Power plant Year Fly-ash generation (million tonnes) Fly-ash utilisation (million tonnes) Utilisation (in per cent)
Sasan power plant (Reliance Power) 2018-19 4.0222 1.4916 37.08
2017-18               4.1204             1.2213 29.64

Source: Annual Ash Generation & Utilisation Report 2018-19 & 2017-18; Central Electricity Authority

The CSE analysis — looking at nationwide figures for fly-ash utilisation — found unused ash stock from thermal power plants in the past 10 years totalled to as high as 627 million tonnes, more than three times the current ash generation figures.

Surplus ash stocks increased every year due to lesser utilisation of fly-ash, putting pressure on existing ash dykes. Low ash utilisation figures indicate piling up of huge amounts of ash in wet form in ash dykes / ponds or in dry storage form.

This creates a burden on existing storage structures that do not have enough capacity to handle such huge amounts.
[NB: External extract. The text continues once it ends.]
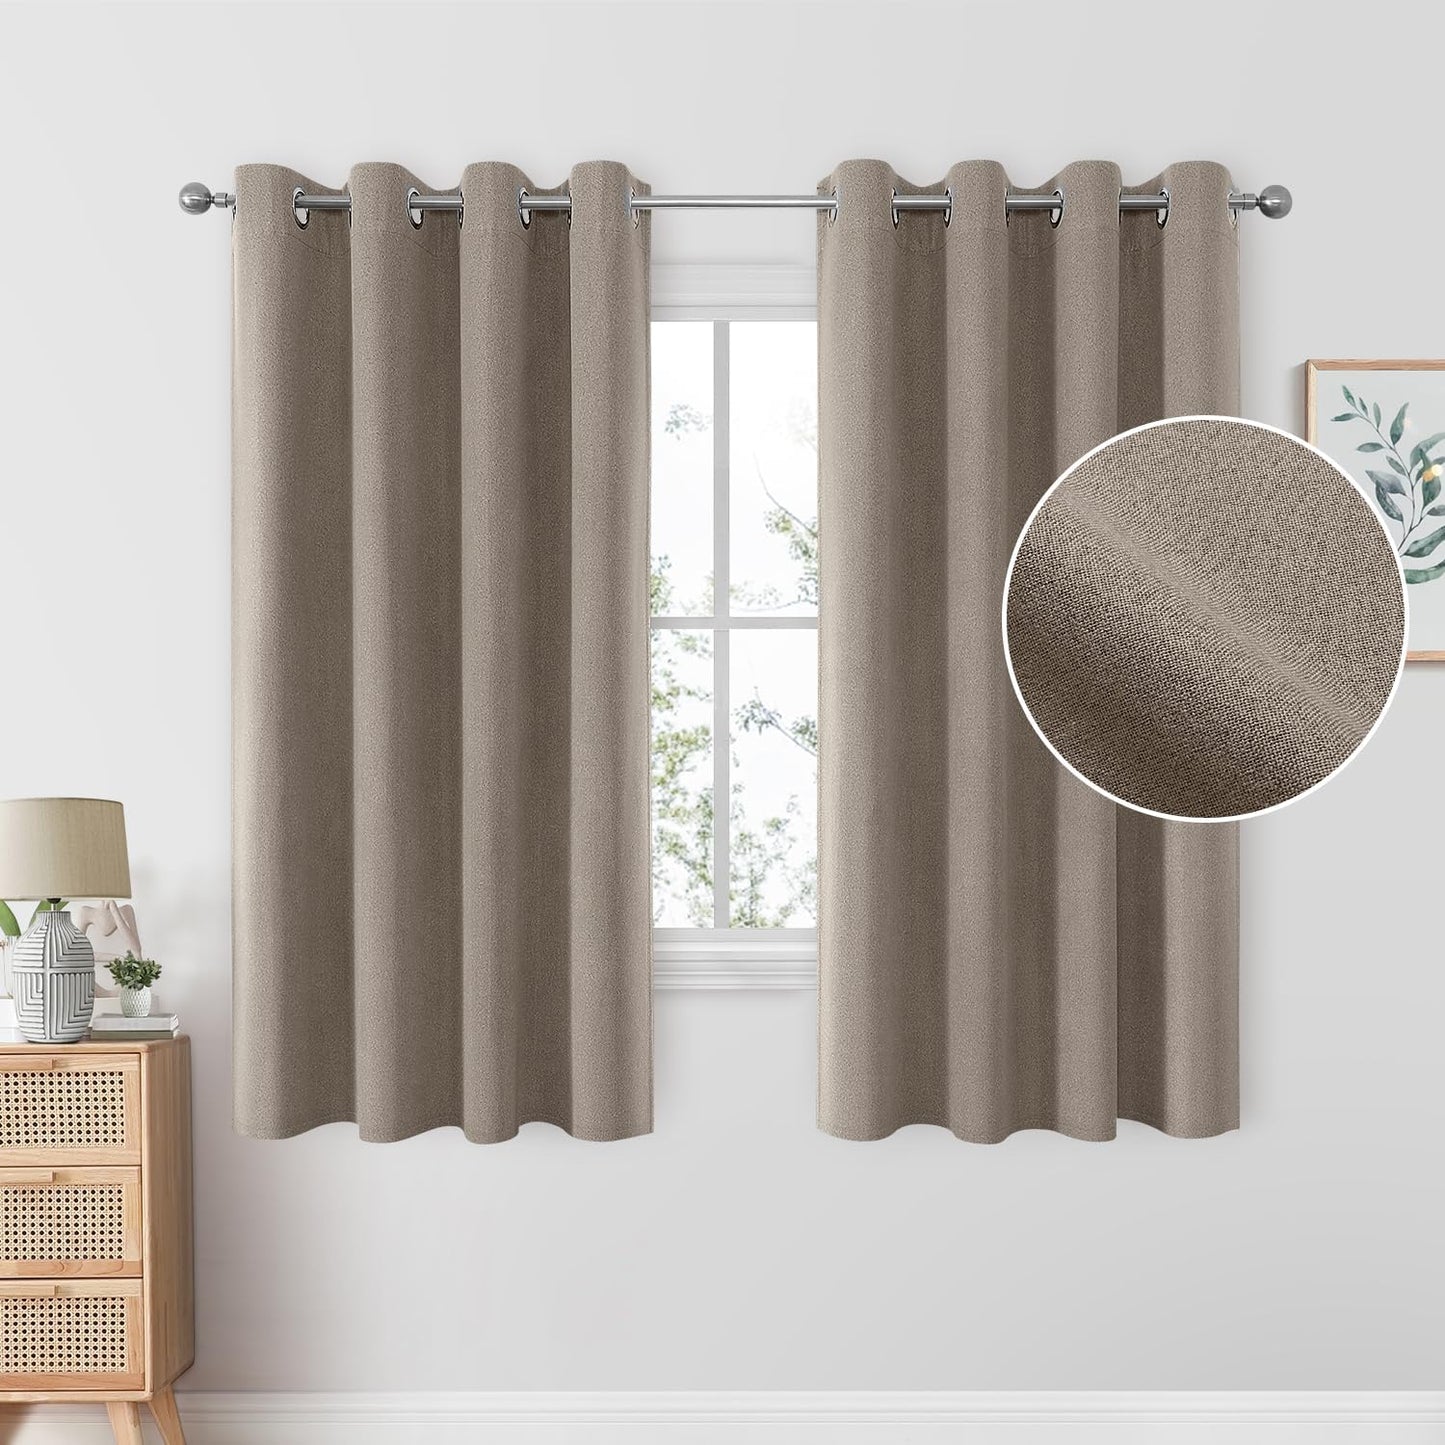 HOMEIDEAS 100% Blush Pink Linen Blackout Curtains for Bedroom, 52 X 84 Inch Room Darkening Curtains for Living, Faux Linen Thermal Insulated Full Black Out Grommet Window Curtains/Drapes  HOMEIDEAS Natural W52" X L63"

As a result, ash dykes are often leaked or overflow due to excess ash slurry, creating havoc for people living nearby.

It also leads to significant groundwater and surface water pollution. Several recent studies show people living in these polluting areas are more vulnerable to the current novel coronavirus disease (COVID-19).

The un-used ash for coal power plants in India in the past ten years amounts to 627 million tonnes

Year Fly-ash generation (million tonnes) Fly-ash utilisation (million tonnes) Ash utilisation (in per cent) Un-used ash (million tonnes)
2018-19 217.04 168.40 77.59 48.64
2017-18 196.44 131.87 67.13 64.57
2016-17 169.25 107.10 63.28 62.15
2015-16 176.74 107.77 60.97 68.97
2014-15 184.14 102.54 55.69 81.6
2013-14 172.87 99.62 57.63 73.25
2012-13 163.56 100.37 61.37 63.19
2011-12 145.42 85.05 58.48 60.37
2010-11 131.09 73.13 55.79 57.96
2009-10 123.54 77.33 62.60 46.21
Total unused ash (2009-18) 627

Source: Central Electricity Authority Reports and CSE Analysis 2020 

For efficient utilisation, the Union Ministry of Environment, Forest and Climate Change (MoEF&CC) issued the first fly-ash notification on September 14, 1999, subsequently amended in 2003, 2009 and 2016 in order to further enhance fly-ash utilisation.

All power plants were supposed to achieve 100 per cent fly-ash utilisation — which did not happen — by November 2014, according to a notification on November 3, 2009.

The MoEF&CC subsequently set the target for fly-ash utilisation by December 31, 2017, according to its notification dated January 25, 2016. Several power plants, however, still struggle to achieve this target. Around 43 per cent of the plants do not achieve this target yet, according to 2018-19 data from the Central Electricity Authority.

Though percentage ash utilisation is steadily increasing, more effort is needed for its effective and 100 per cent utilisation, otherwise fly-ash breaches will become more frequent in the near future.